◆ AVAILABLE DATA:
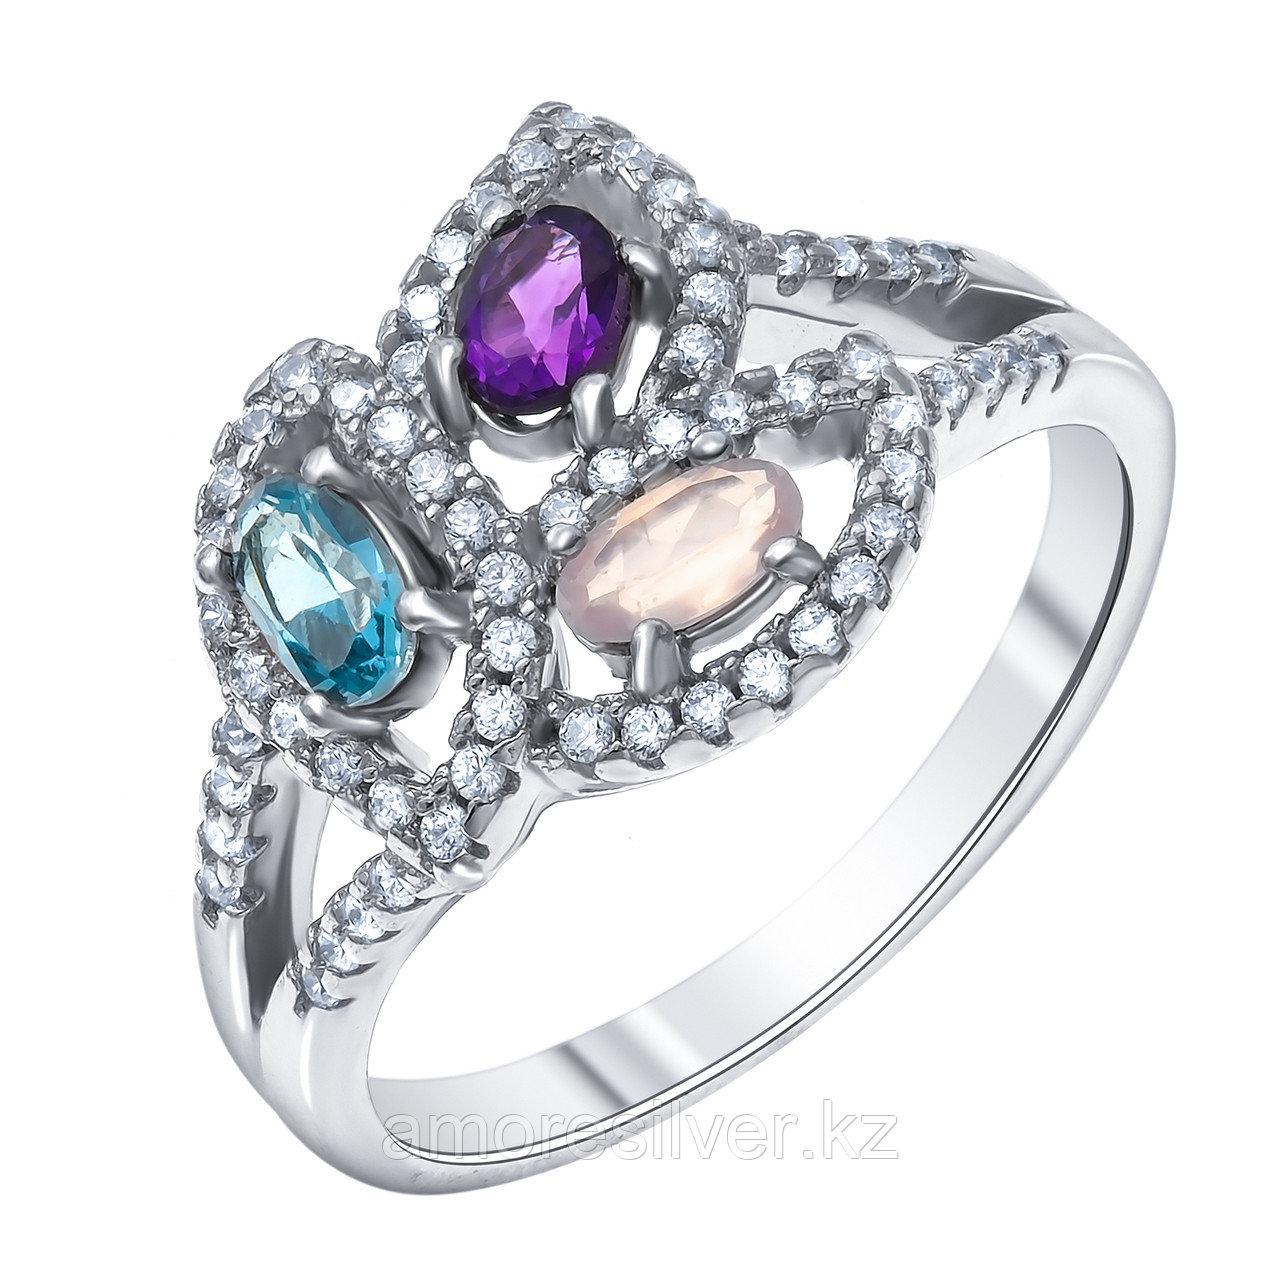 Кольцо TEOSA серебро с родием, аметист кварц розовый топаз фианит, флора R-DRGR00066-AM-QP-T
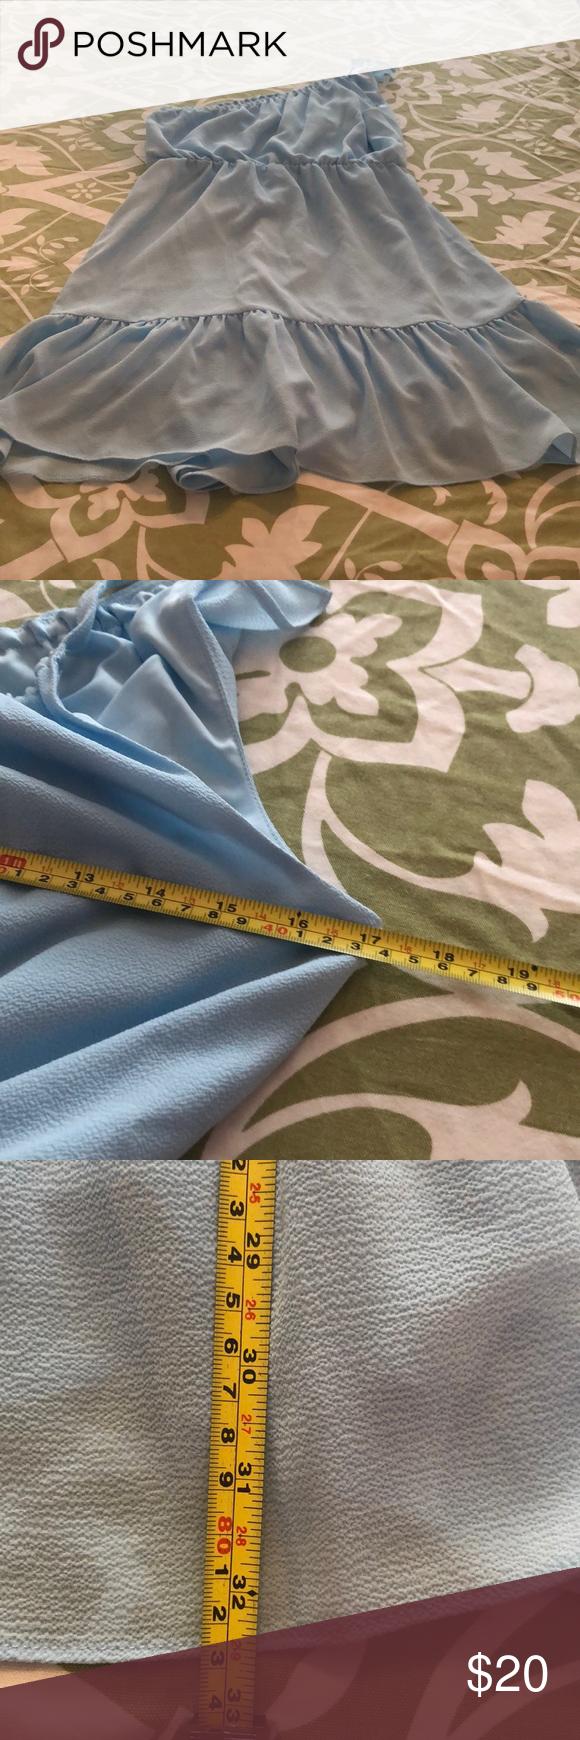 Kaari Blue Petite Dress Petite Dresses Clothes Design Dress First [ 1740 x 580 Pixel ]
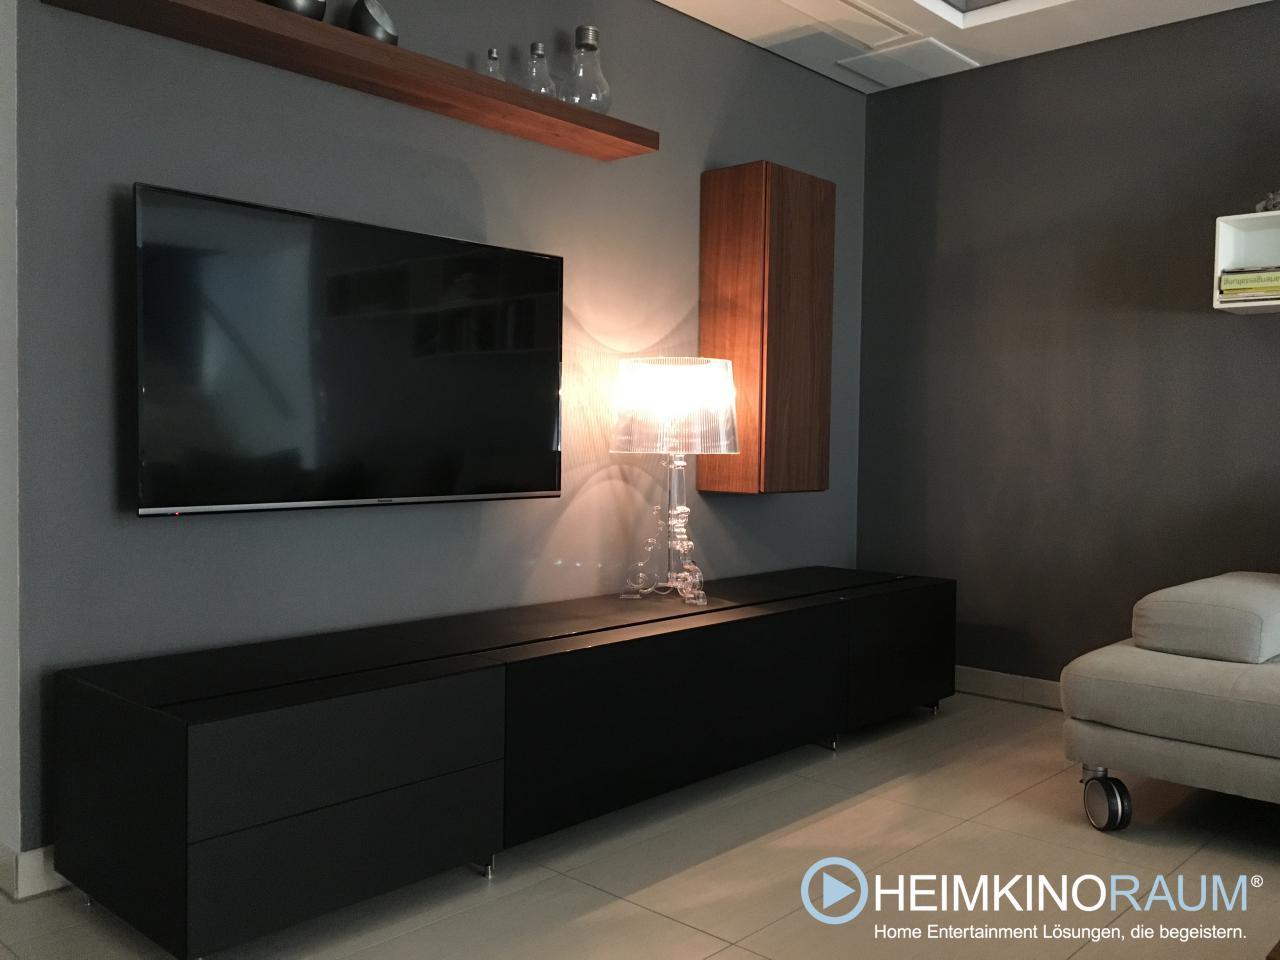 heimkinoraum the art of flight heimkino in regensburg. Black Bedroom Furniture Sets. Home Design Ideas
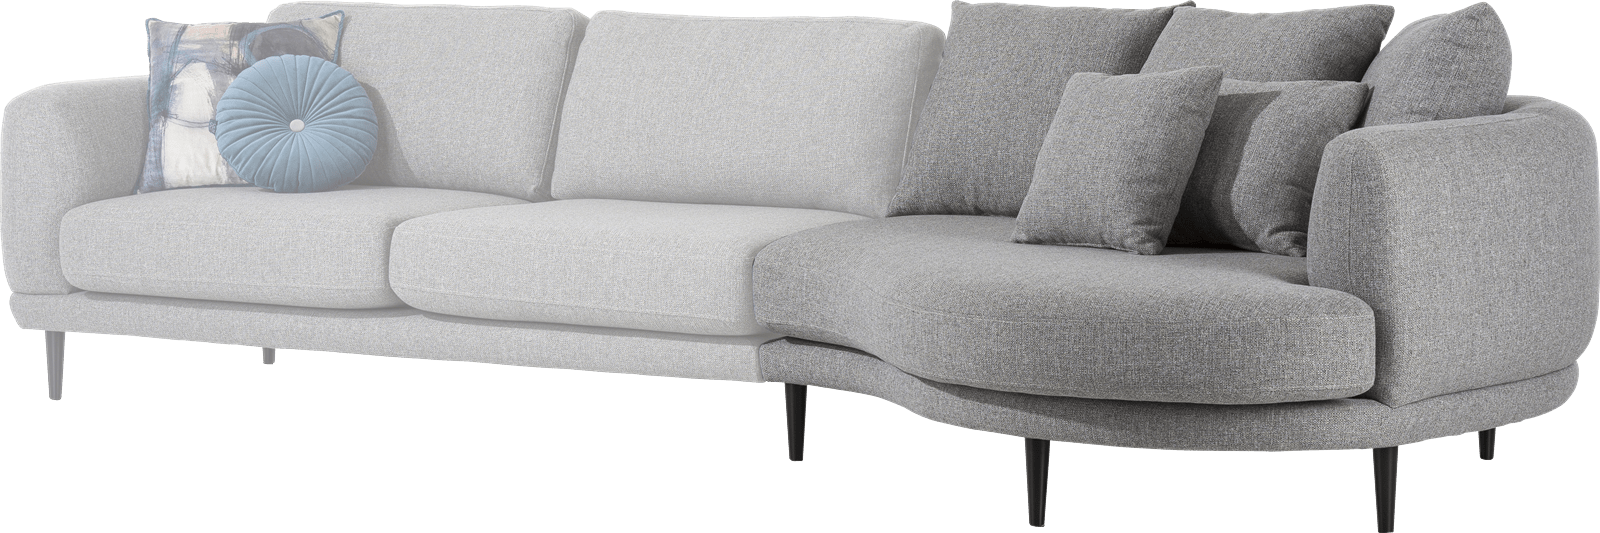 Henders and Hazel - Portland - Modern - Banken - lounge end inclusief 3 rugkussens big - rond - rechts

◆ EXERCISE: Exactly as written, return every line of the listing, but not the pictures.

◆ RESPONSE:
 Кольцо TEOSA серебро с родием, аметист кварц розовый топаз фианит, флора R-DRGR00066-AM-QP-T
 Kaari Blue Petite Dress Petite Dresses Clothes Design Dress First [ 1740 x 580 Pixel ]
 heimkinoraum the art of flight heimkino in regensburg. Black Bedroom Furniture Sets. Home Design Ideas
 Henders and Hazel - Portland - Modern - Banken - lounge end inclusief 3 rugkussens big - rond - rechts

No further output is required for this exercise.